I have no political observations this week. I'm battling a deadline and, even if I weren't, I think I'd be avoiding the
news. From what I can tell, we're well into the category of Lotsa Scary Stuff, and the reporters have so much time to fill, they're making it
sound like more of a crisis than it is, inflating by hours the six minutes of actual news they have to offer. And the White House may be
launching the ground war just in time, insofar as keeping domestic support up and running. If they can't announce some sort of major "win" soon
— i.e., we've arrested some major terrorist, bio or otherwise, or killed someone close to Bin Laden — the patience of certain
right-wingers will be exhausted. We are long since past the stage where they'd be screaming about incompetence and possible impeachments, were
they getting the same level of results from President Gore.

MY BUDDY Earl Kress noticed something interesting on Late Night With Conan O'Brien. Not long ago, they unveiled a
new set which shows a majestic New York skyline. When the show returned to the air following the 9/11 tragedies, the skyline was draped in
funereal cloth as if to suggest a city in mourning...a nice touch, but one that apparently had an additional purpose.

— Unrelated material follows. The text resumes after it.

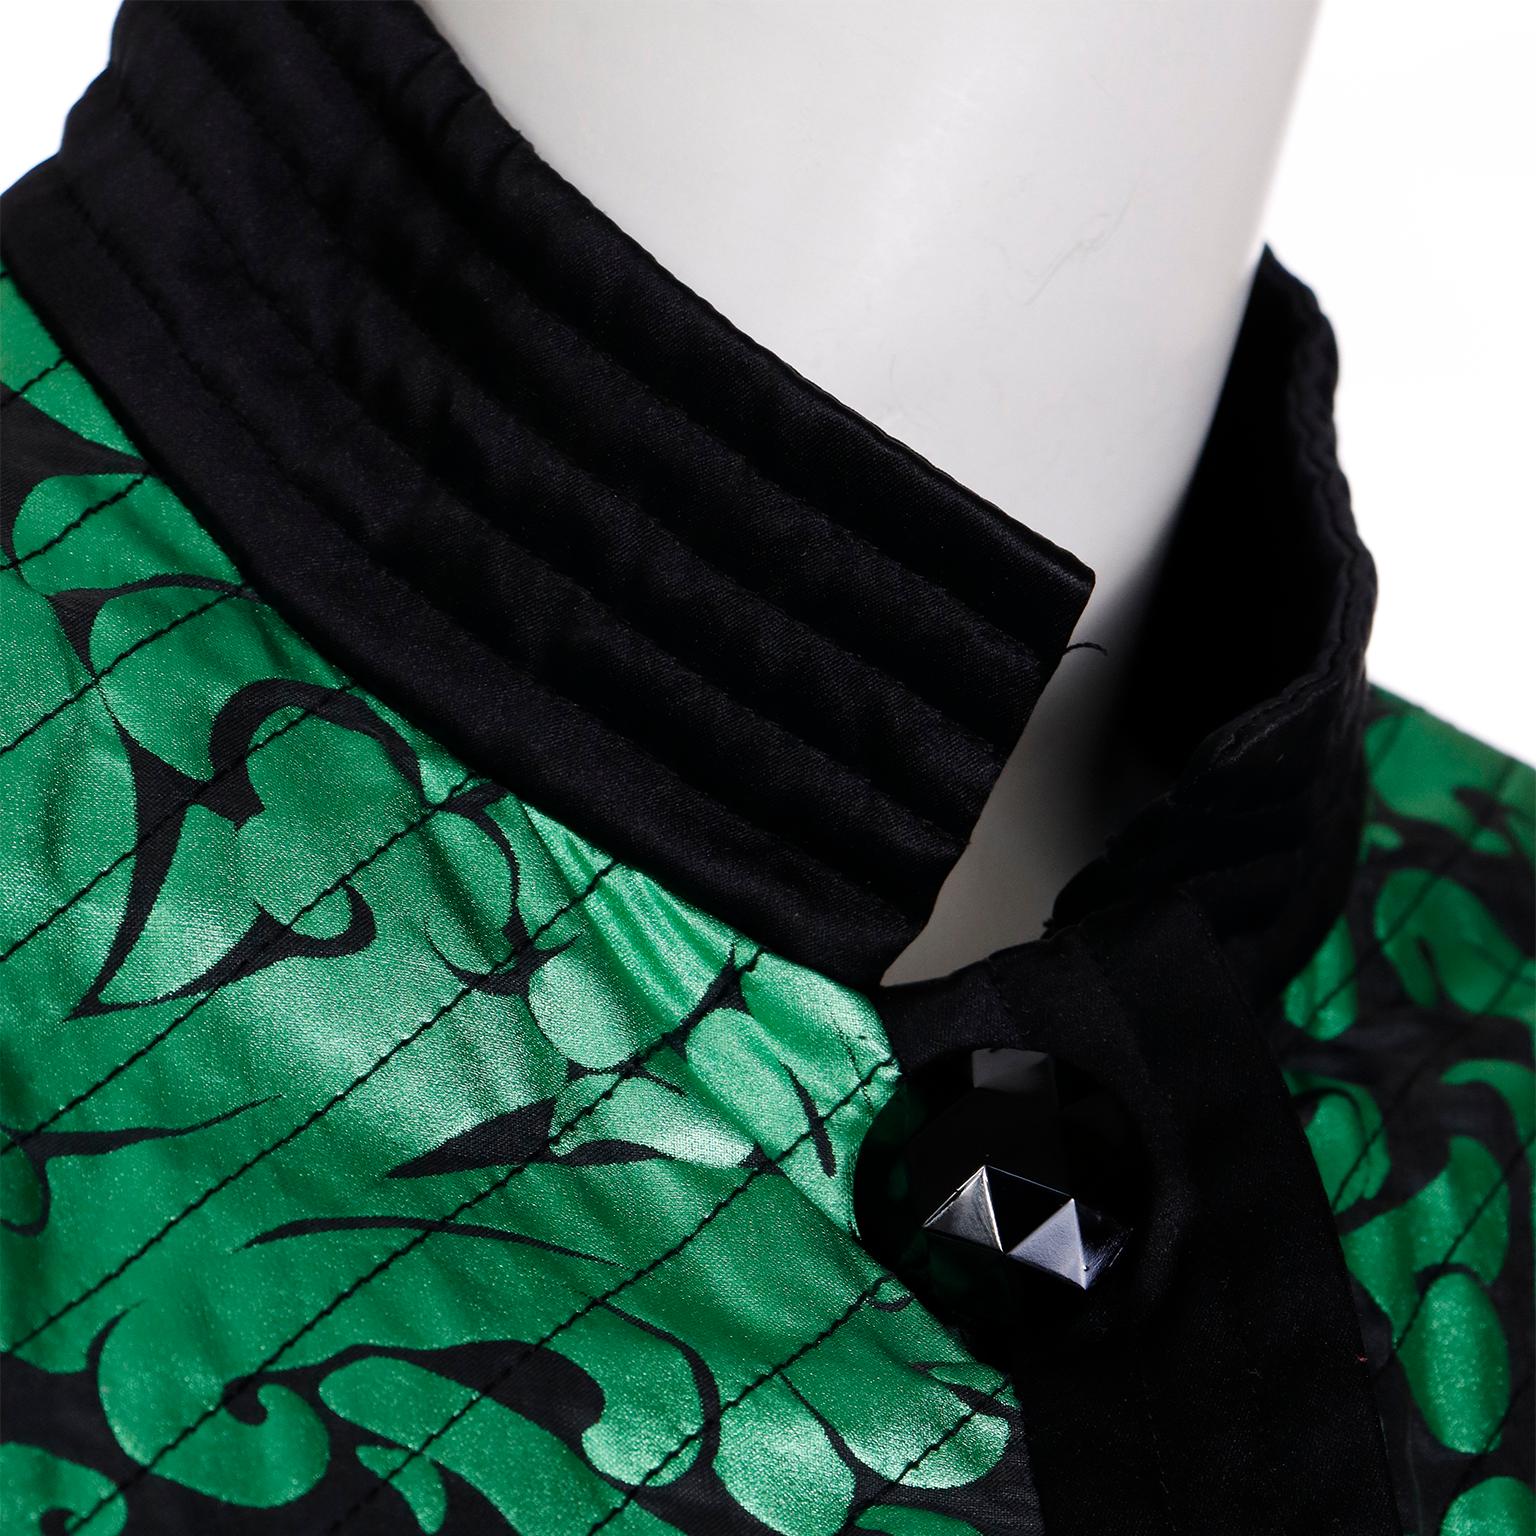 Yves Saint Laurent F/W 1986 / 87 Green Lame Jacket with Quilted Black Satin Trim 4
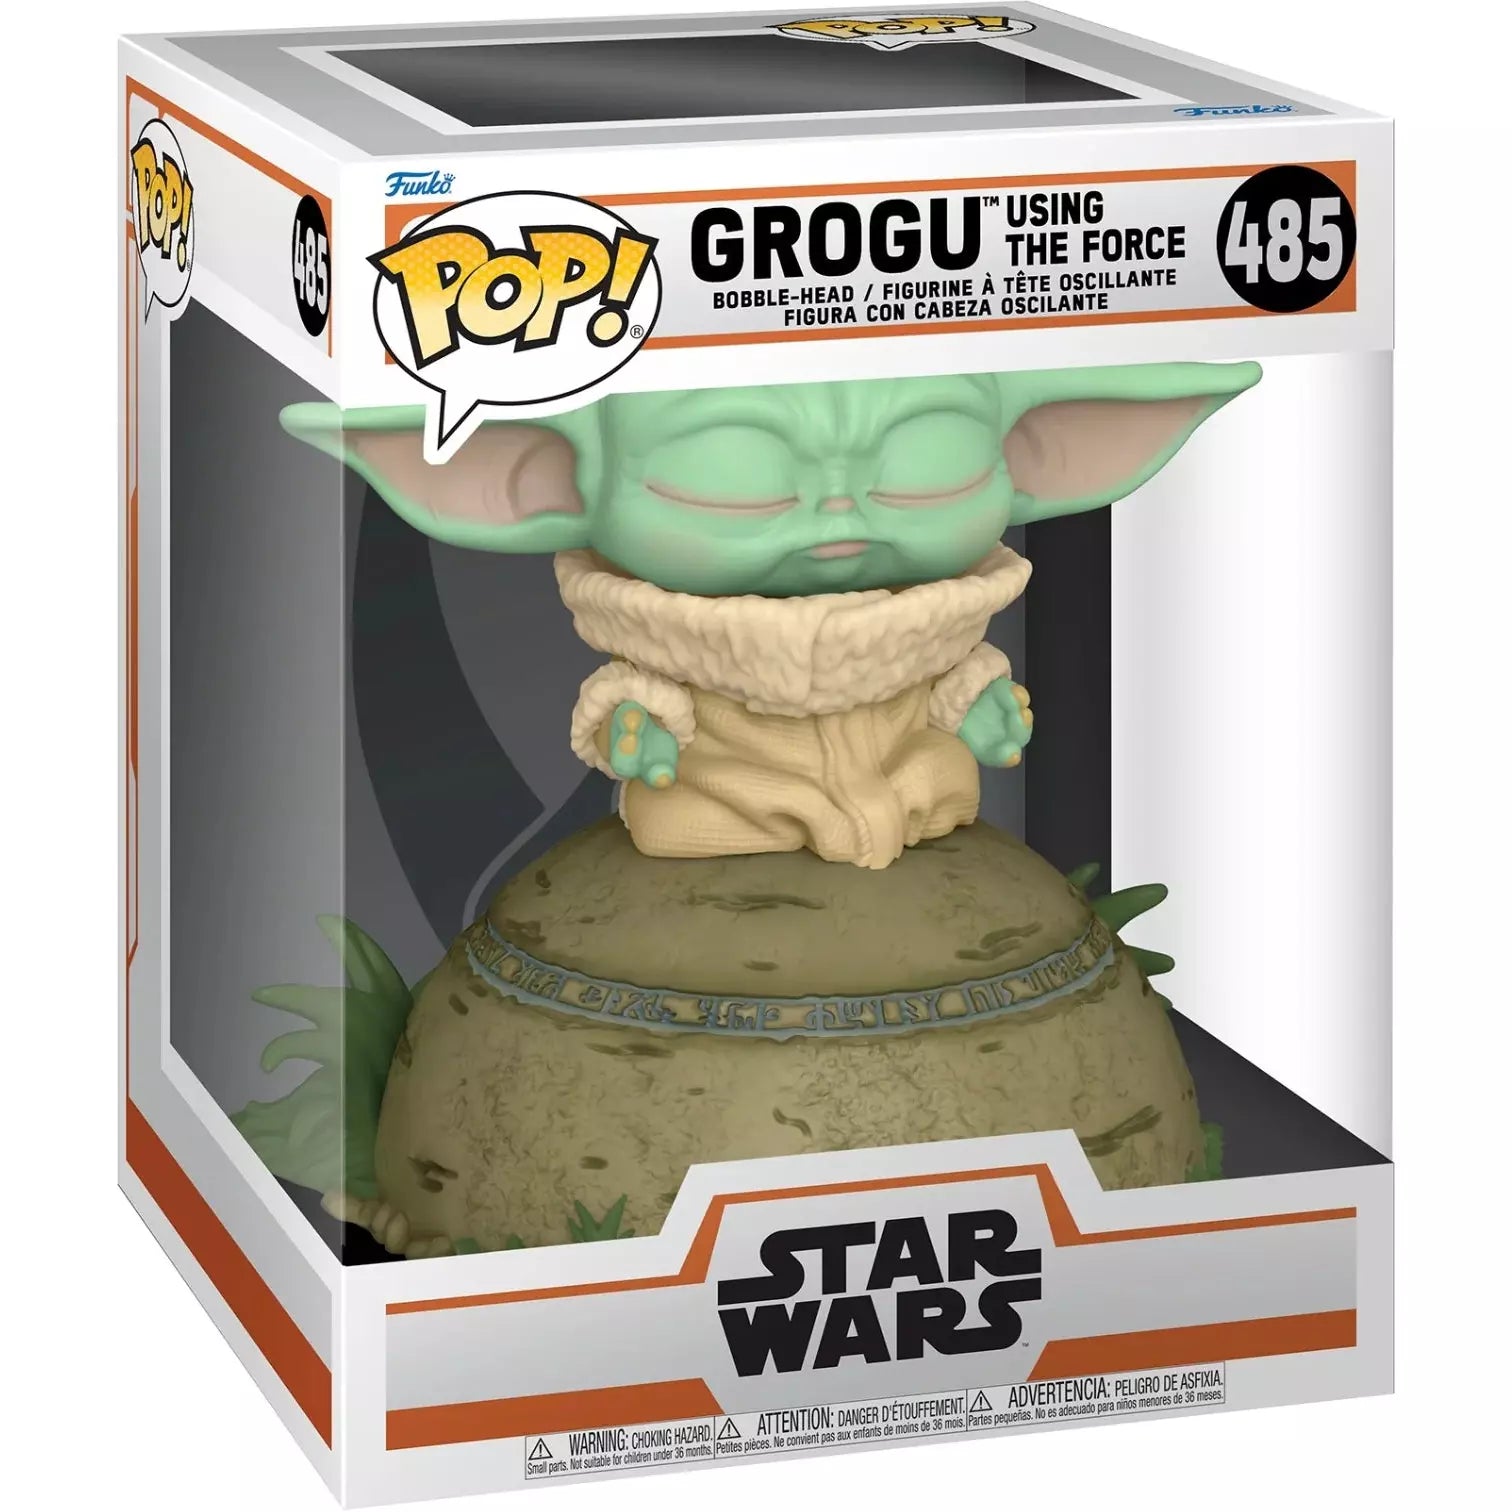 Funko pop Star Wars: The Mandalorian - Grogu Using The Force (Lights and Sounds) - BumbleToys - 18+, Action Figures, Boys, Deluxe, Funko, Pre-Order, star wars

The folds in the cloth
caused some segments of the skyline to be totally obscured and, if Earl's deduction is correct, the drape was placed carefully so that the folds
covered the World Trade Center. Its Twin Towers were right in the center of the skyline, situated such that it would have been in the
background of every two-shot of Mr. O'Brien and whoever was in the guest chair. Perhaps this was just a temp measure until they could have the
backdrop repainted, or perhaps so they didn't want to immediately show the panorama minus the World Trade Center. Whatever, the drape has now
been lightened so it no longer obscures that area...and you can now see that the skyscrapers have been removed from the tableau.
In the meantime, the late night shows are struggling with what to rerun when they need to do this. The Tonight Show will
be dark next week and they're re-airing shows from earlier this month. In fact, on 10/22, they're recycling the broadcast of 10/11, which
already reran last week in the NBC Overnight slots. That was a pretty good episode but three times in twelve days?

LIKE MANY folks who live in L.A., I am good at spotting celebrities as I go about my daily routine. For some reason, I go
through periods when I seem to run into the same ones over and over, and I occasionally find myself observing their public "performances." For
instance, years ago, wherever I went, there was Rip Taylor. I saw him so many times in so many places, I figured it had to be some kind of
franchise deal — you know, like Starbuck's or Mrs. Field's. Somewhere, a company was telling people that for a modest investment, they
could open their very own Rip Taylor.
I once eavesdropped on, and was impressed by, the way he handled an awkward situation with some tourists who sort of recognized
him. A couple from Dubuque (or wherever) began gushing over how much they loved him on TV and simply had to have his autograph...but as the
lady fished out paper and something for him to write with, she said something that made it clear they both thought he was Paul Lynde.
Mr. Taylor did not show any sign of reaction, nor did he embarrass them by correcting their error directly. He knew that once he
signed, the issue would be unavoidable so he made like he hadn't heard what she'd said and then told them, "Thank you for not yelling my name out and
attracting attention. Sometimes people see me and they yell, 'It's Rip Taylor,' and everyone looks and it's embarrassing." You could see
the tourists' expressions change as they realized this was not Paul Lynde, and both made the too-obvious gesture of saying, "Thank you, Mr. Taylor,"
hoping he hadn't noticed their mistake. But of course, he had...and he'd spared them a moment of humiliation.
Lately, I am unable to do any marketing without encountering Robert Klein and I am delighted to report that he is as funny and charming
in the produce section of Gelson's as he is on stage. He's currently doing the Bob Patterson show, which neither I nor most of America
is watching. Matter of fact, I suspect more people are seeing him in the market, where he jokes with other shoppers, greets folks who approach
him with some tenuous connection ("My sister-in-law was the Production Assistant on your third HBO special") and makes no effort to either disguise
who he is nor attract undue attention. Nothing I overheard was quotable, even when he was behind me in the checkout line, paging through some
tabloid and registering shock, if not at the headlines than at the fact that folks pay good money to read them. Still, I have seen long-running
TV shows that I thought were less entertaining than watching Robert Klein buy groceries. I think it's a series.